After coming onto the scene as assistant manager, the party line was that he was second fiddle, there to learn and do as he was told from the top dog Martin O Neill.
Fair enough, fast forward a few months and Roy is now at the centre of everything once more. And admit it, you just love it.
Like the kid who breaks that expensive vase to get attention, Roy’s autobiography, thrilling as it was, is the root of all this furore.
It was the autobiography that the shady fan with history with Keanes family asked to be signed at the team hotel. Keane politely told him to fuck off and called the Gardai – the media got wind of it – and now Keane is front and center in every press conference while O Neill collects the cones and footballs on the training pitch.
“Who the hell do you think you are? I’ve got to answer to you?” He seethed to an incontinent journalist. “I answer to the FAI and Martin, and if we don’t get the results, I’ll be gone and you won’t lose a minute’s sleep, so don’t worry about distractions…You are the ones who write about distractions.”

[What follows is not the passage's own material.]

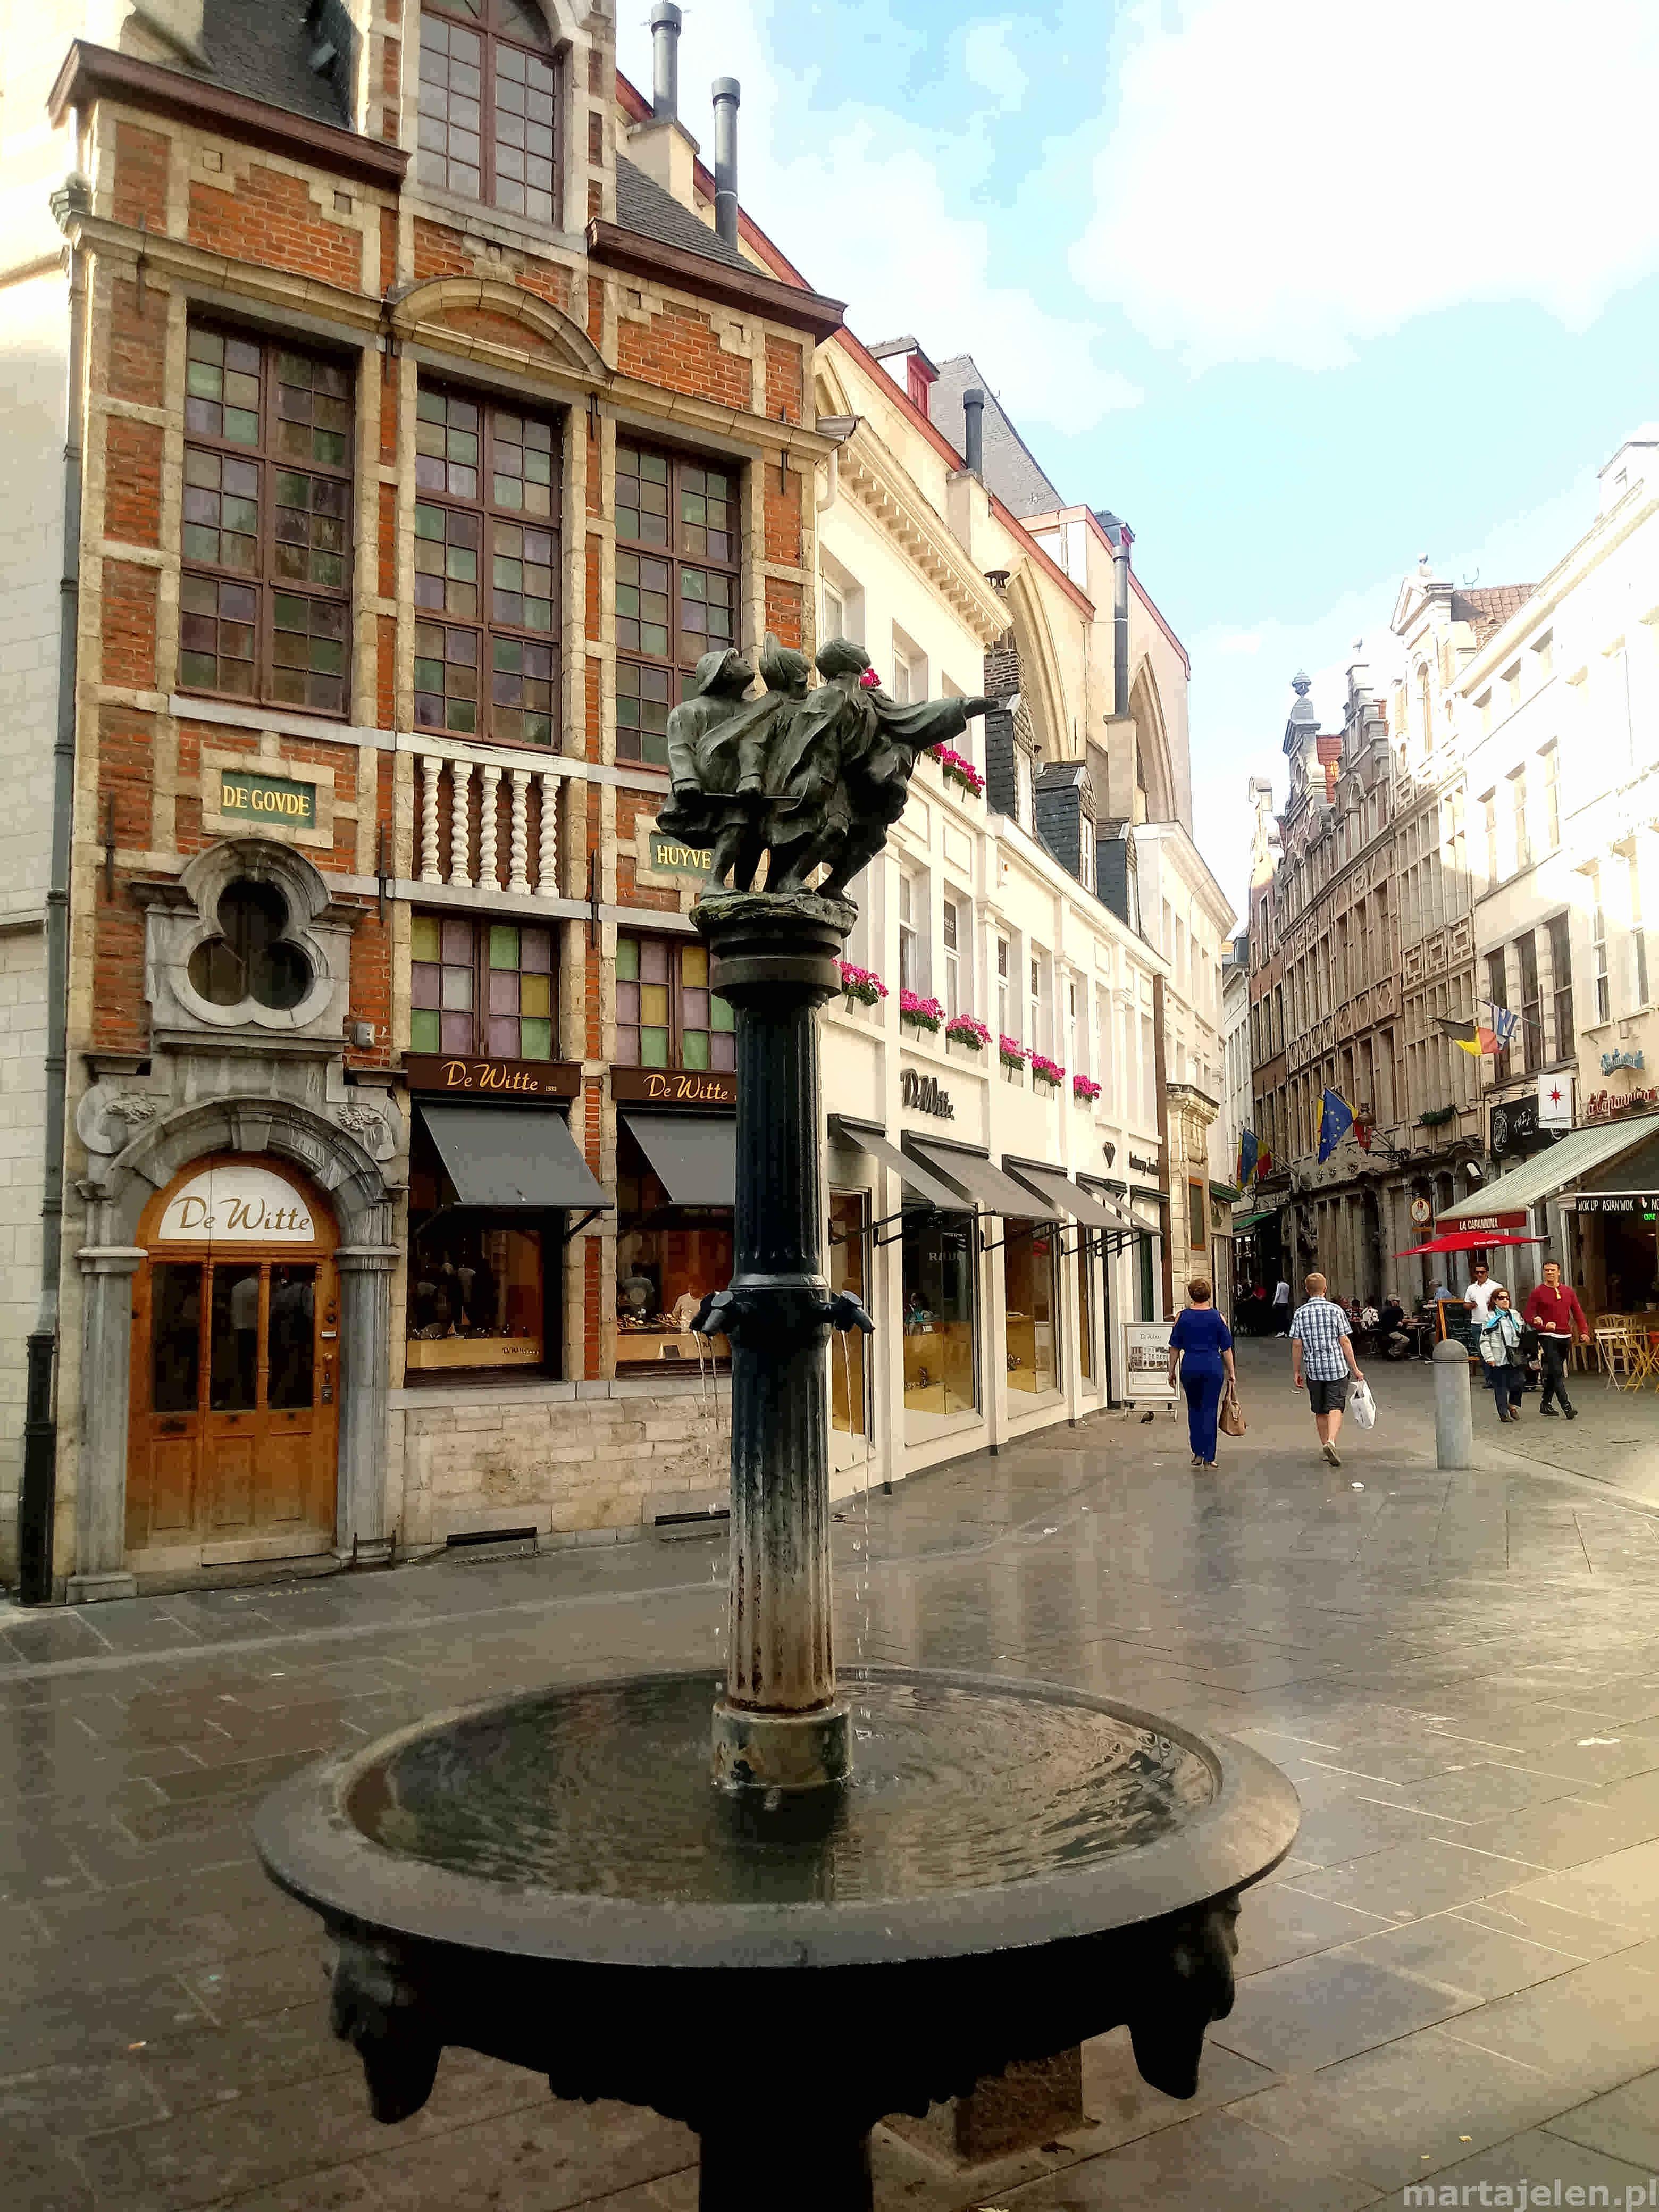 Widok na ciekawą fontannę znajdującą się na skrzyżowaniu uliczek starego miasta

Don’t worry though, this all part of the master plan. There was no need for distractions during the 1-1 victory in Gelsenkirchen, or thrashing Gibraltars footballing collective 7-0 or whatever it was. But after a less than inspiring display against Scotland that gave Ireland their first blip in qualifying, well, perhaps we’re now seeing Keano doing what he’s supposed to do. Act the maggot, for the good of his country.